*** RECORDS SUPPLIED Section Begins ***
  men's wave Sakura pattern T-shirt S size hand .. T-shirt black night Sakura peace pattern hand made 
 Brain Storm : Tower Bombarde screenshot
*** RECORDS SUPPLIED Section Ends ***
*** RECORDS SUPPLIED Section Begins ***
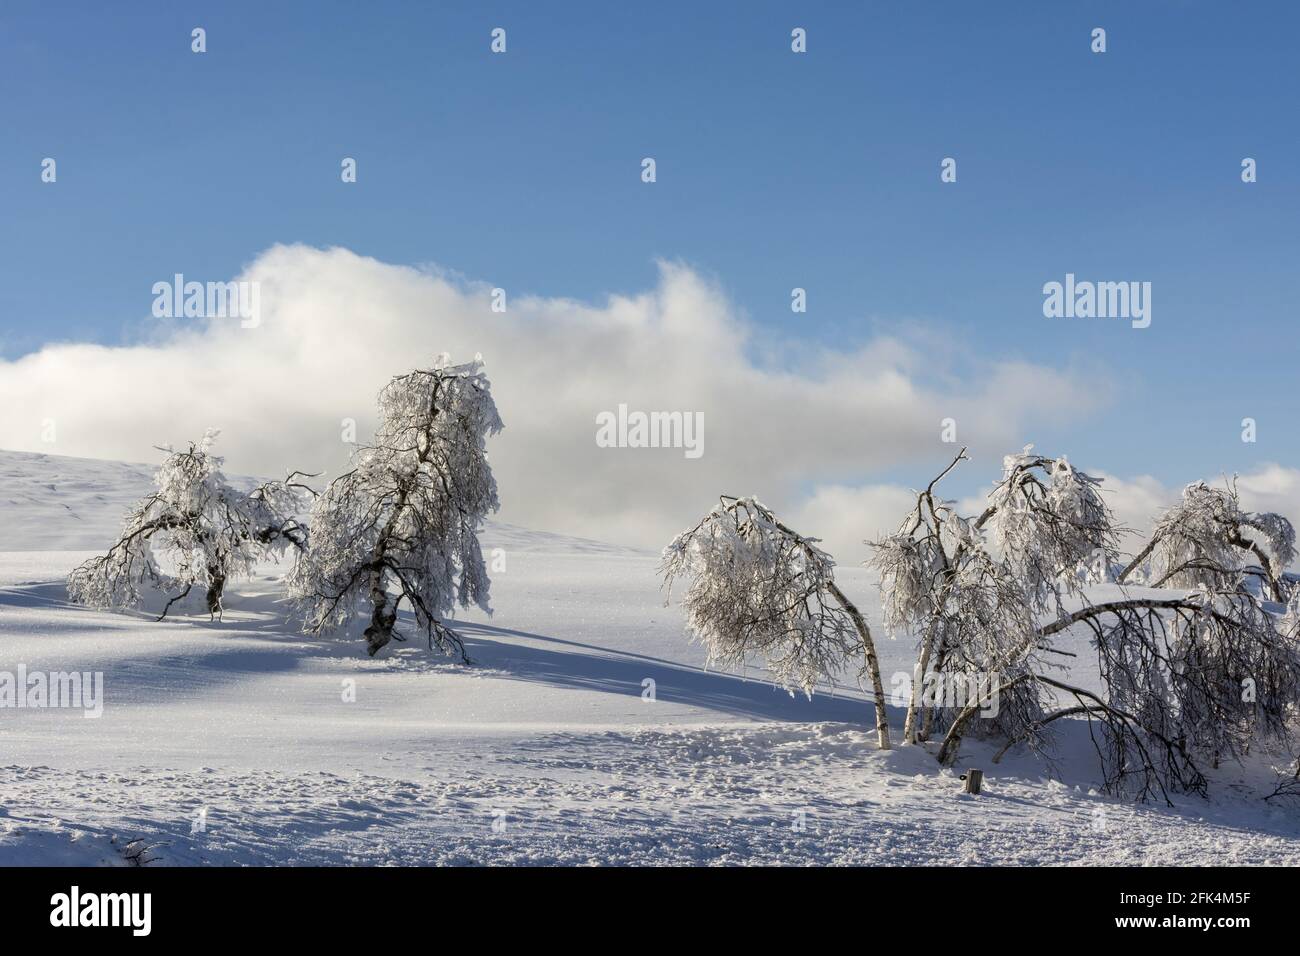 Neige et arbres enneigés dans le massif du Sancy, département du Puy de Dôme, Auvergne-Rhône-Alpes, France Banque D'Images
*** RECORDS SUPPLIED Section Ends ***
*** RECORDS SUPPLIED Section Begins ***
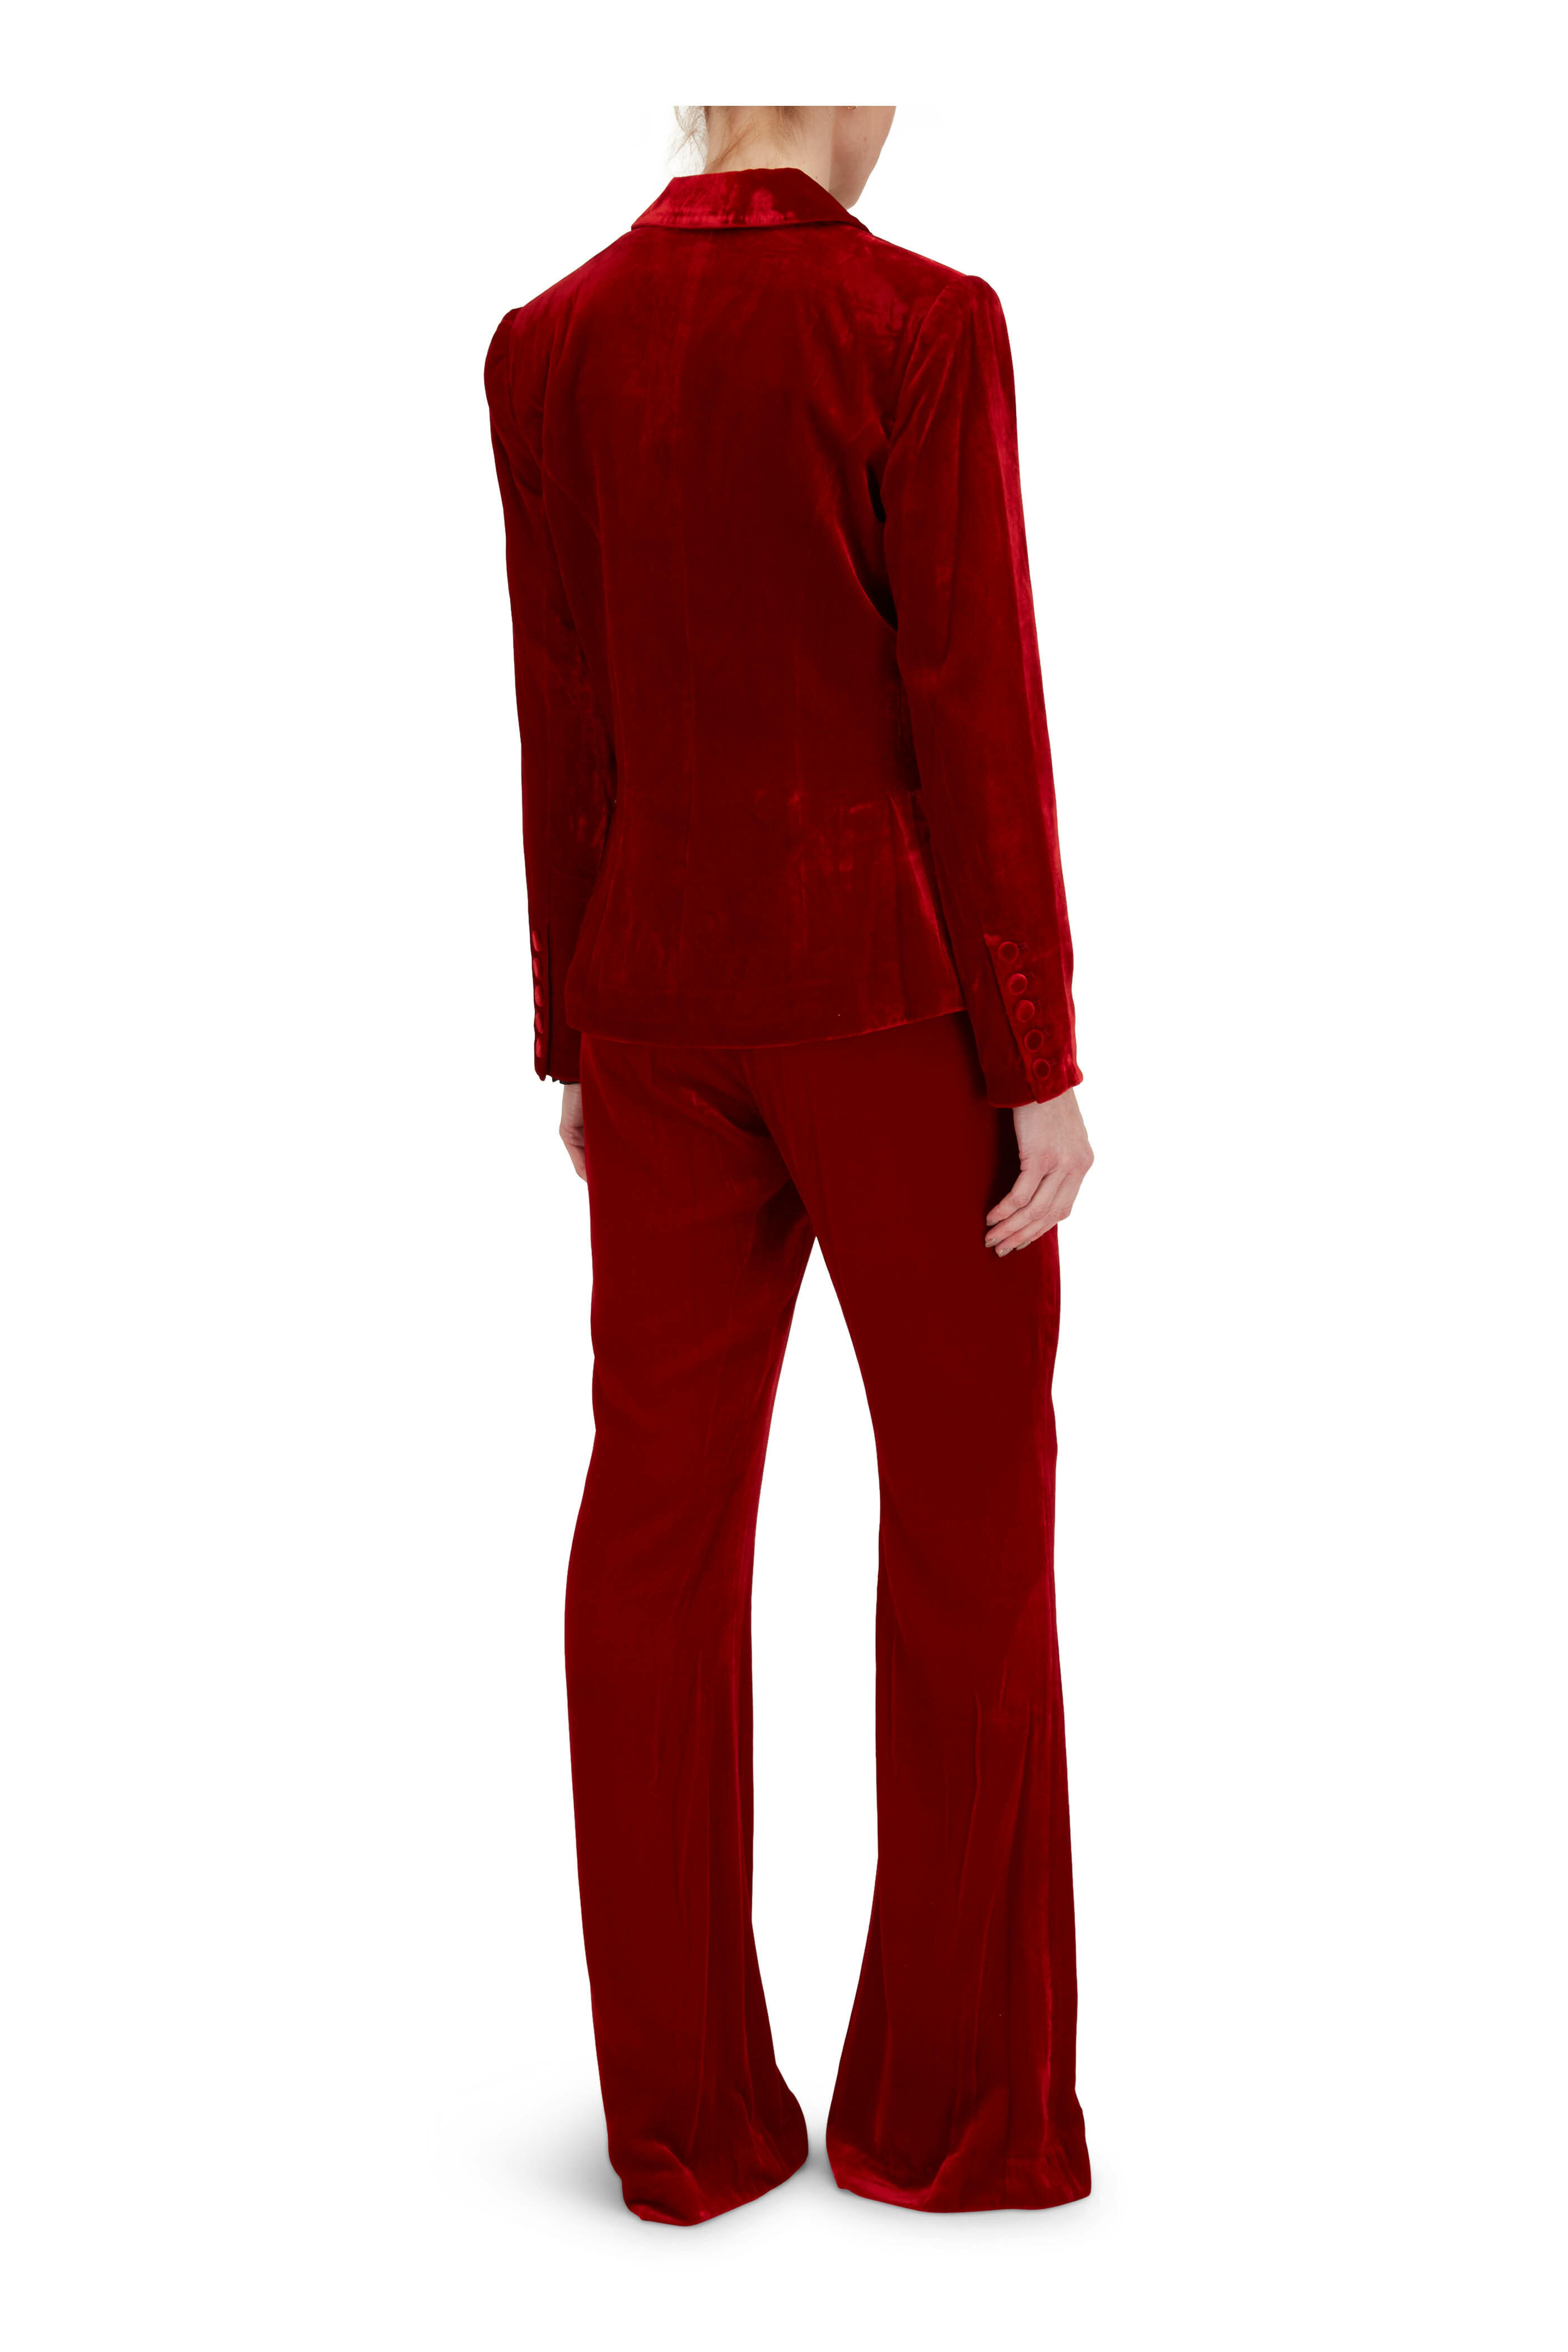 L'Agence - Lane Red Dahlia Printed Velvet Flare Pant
*** RECORDS SUPPLIED Section Ends ***
AIM OF THE EXERCISE: From the material above, copy exactly the lines between the line holding "men's wave Sakura" and the line holding "Brain Storm : Tower Bombarde screenshot", inclusive, and only those.

EXPECTED ANSWER:
  men's wave Sakura pattern T-shirt S size hand .. T-shirt black night Sakura peace pattern hand made 
 Brain Storm : Tower Bombarde screenshot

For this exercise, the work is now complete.